The snide commentary of Boris Kachka in the article.  Quoting…

  • …books on “willpower” and “vulnerability”—“self-help masquerading as ‘big-idea’ books.”
  • Today, every section of the store (or web page) overflows with instructions, anecdotes, and homilies. History books teach us how to lead, neuroscience how to use our amygdalas, and memoirs how to eat, pray, and love.
  • Instead of …
    • Instead of regulation, we have that new buzzword, self-regulation;
    • instead of an ambivalence over “selling out,” we have the millennial drive to “monetize”; and
    • instead of seeking to build better institutions, we mine them in order to build better selves.
  • Universities now devote faculty to fields (positive psychology, motivation science) that function as research arms of the self-help industry.
  • [J]ournalists schooled in a sense of public mission turn their skills to fulfilling our emotional needs.
  • But since self-help trails with it that old shameful stigma, the smartest writers and publishers shun the obvious terminology.
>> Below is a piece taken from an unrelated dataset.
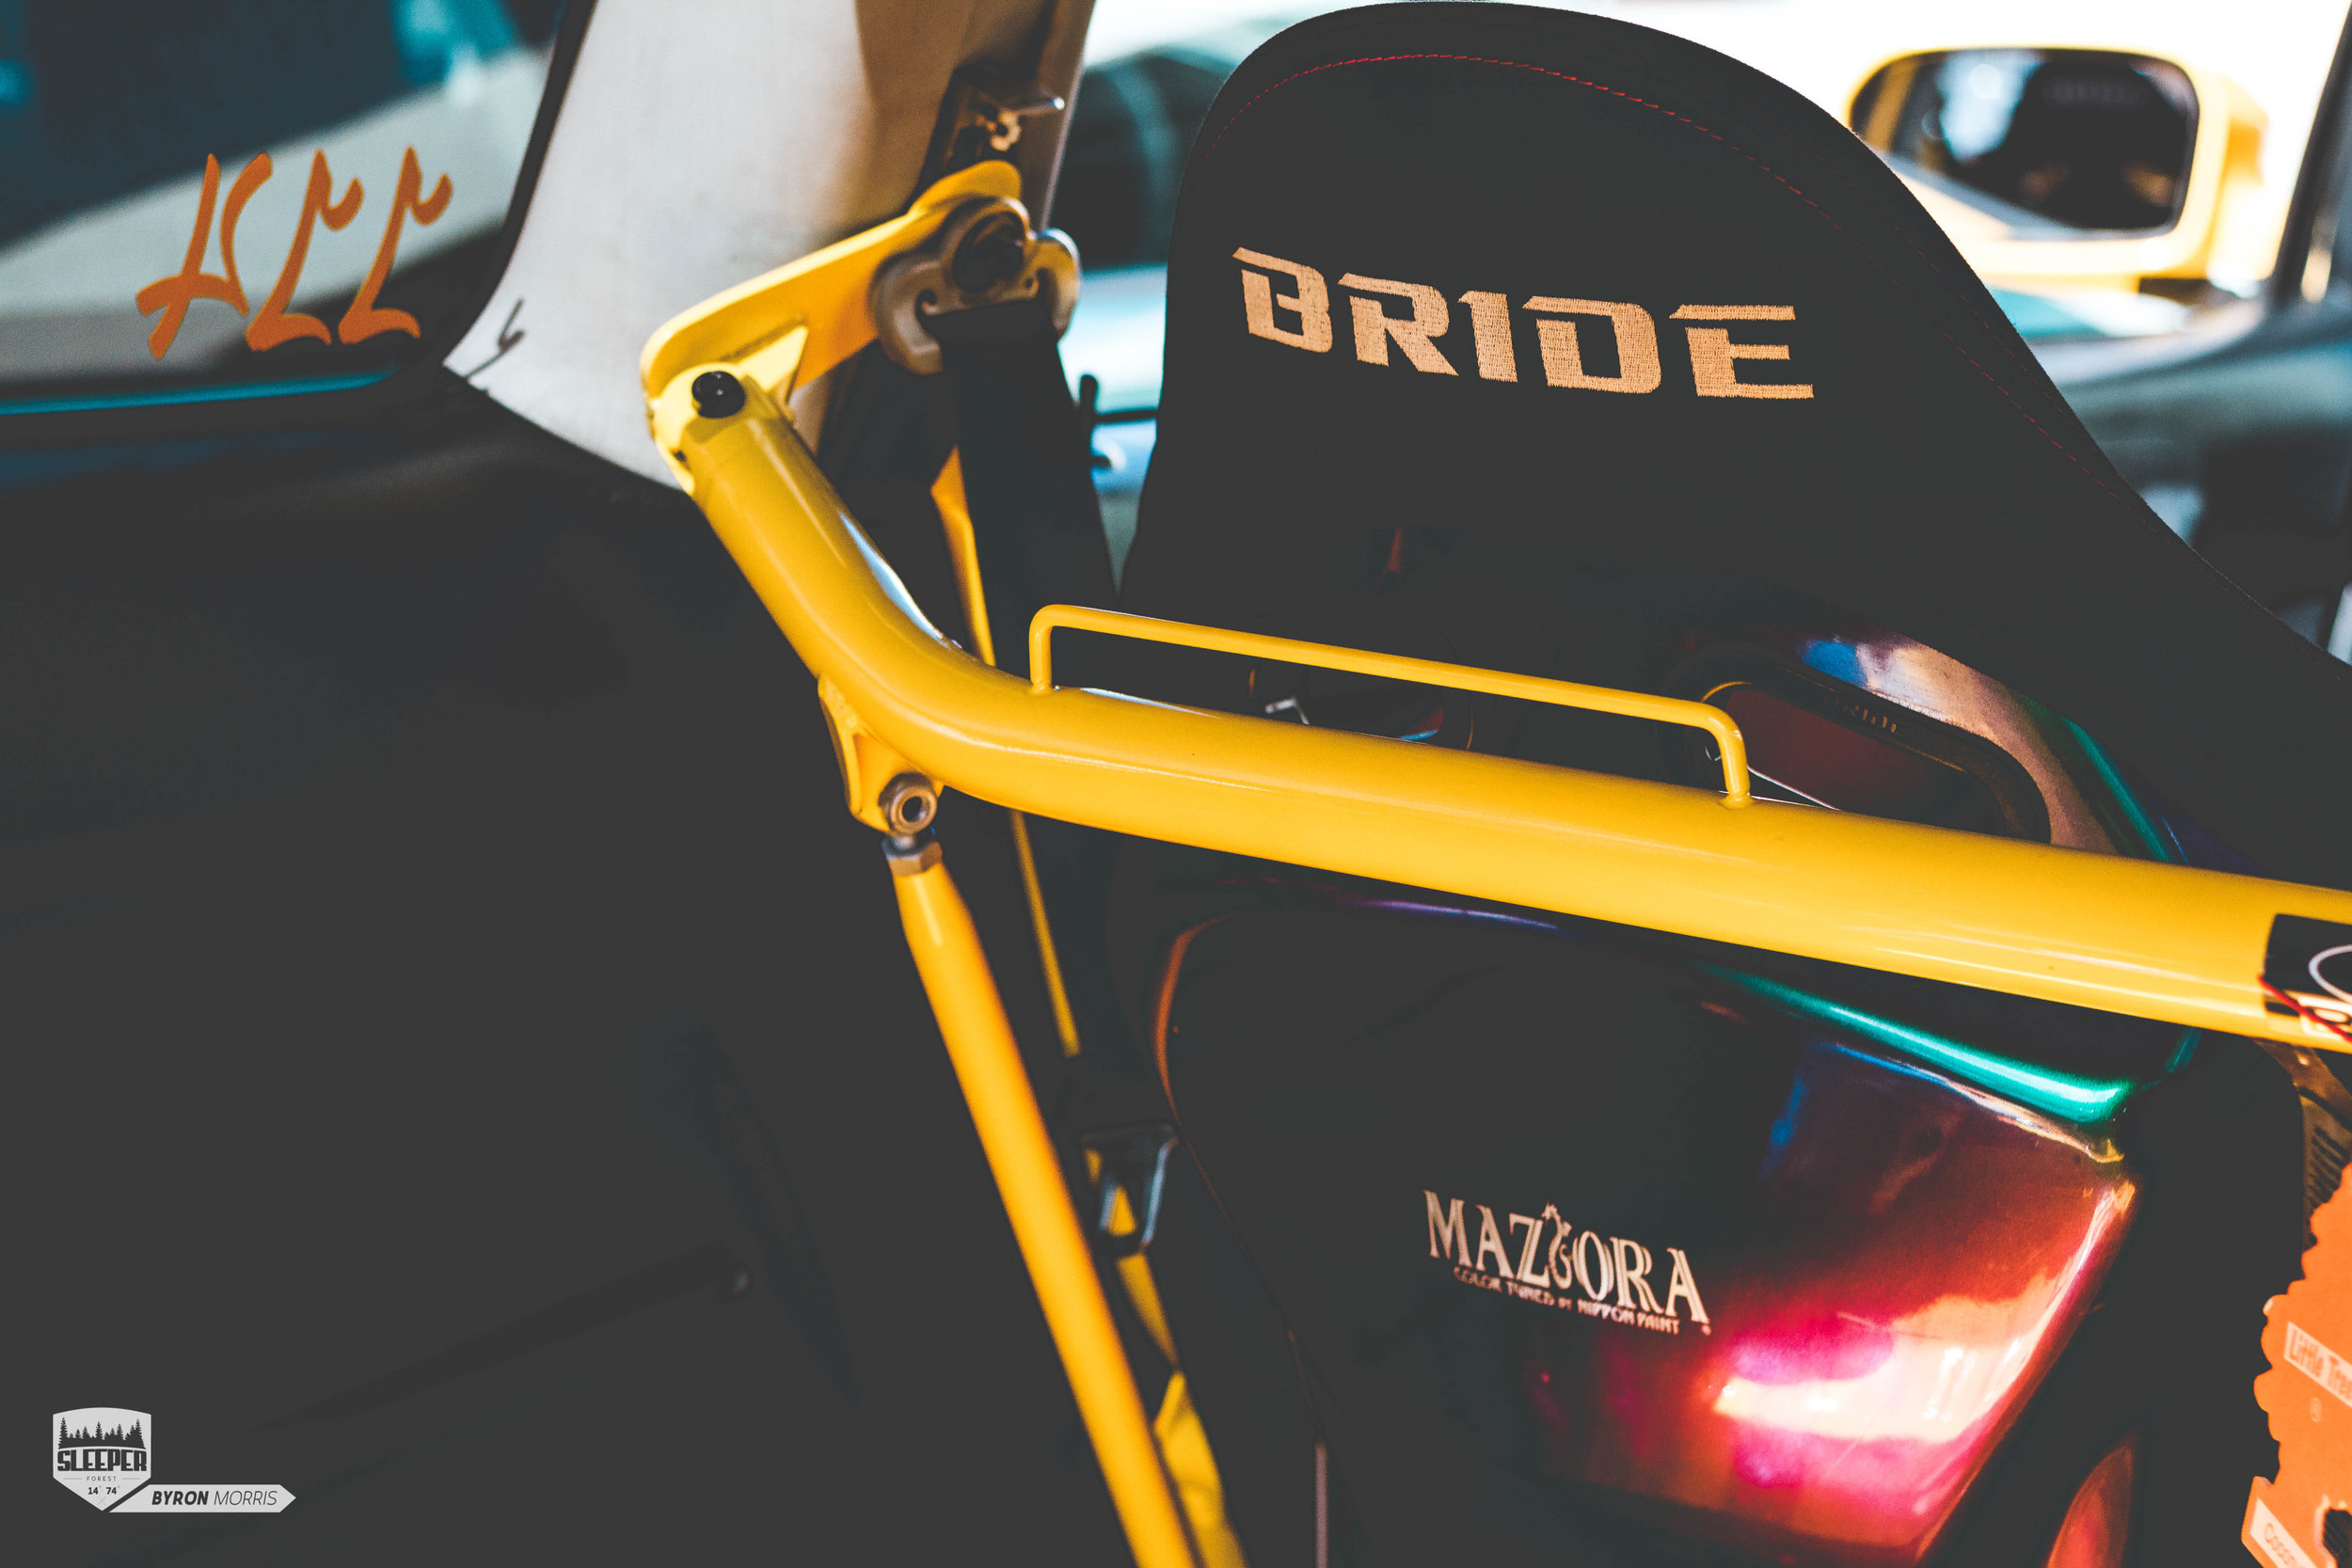 Rep_ya_ride_2019_barbados_car_culture-10.jpg

And the savviest readers enjoy the masquerade, knowing full well what’s behind the costume: self-help with none of the baggage.
  • Linkbaits
  • The “recovery” system named everything, defining every problem as a personal illness to be conquered
    • toxic parents,
    • women who love too much,
    • obesity,
    • excessive shopping,
    • “codependency,” which could potentially encompass any human relationship.
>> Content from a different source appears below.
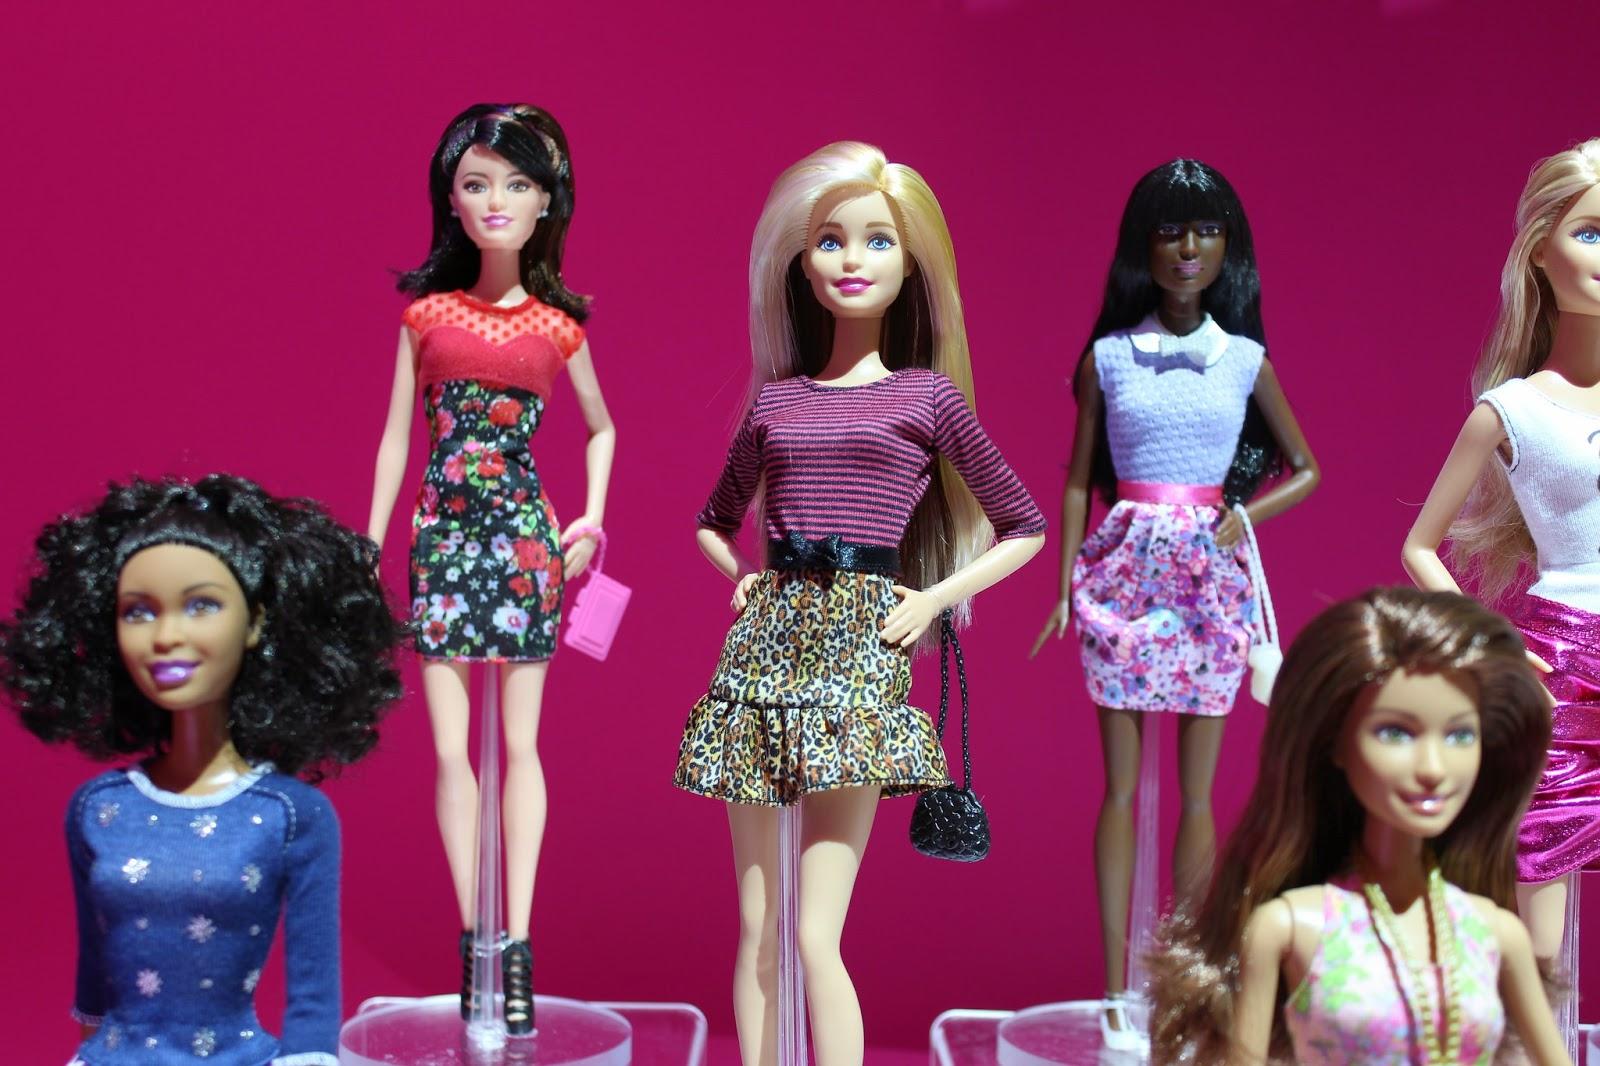 Barbie Fashionistas 2015 Rosa Coleo Barbie Fashionistas

  • The guru has given way to the data set—as explicated by journalists eager to break the constraints of a shrinking medium by pitching their discoveries directly to the masses. And where yesterday’s healers had their Esalen Institute and ­Hazelden, journalists and scientist-writers have lecture circuits. “TED,” says Sutton, “is sort of like the new Oprah.”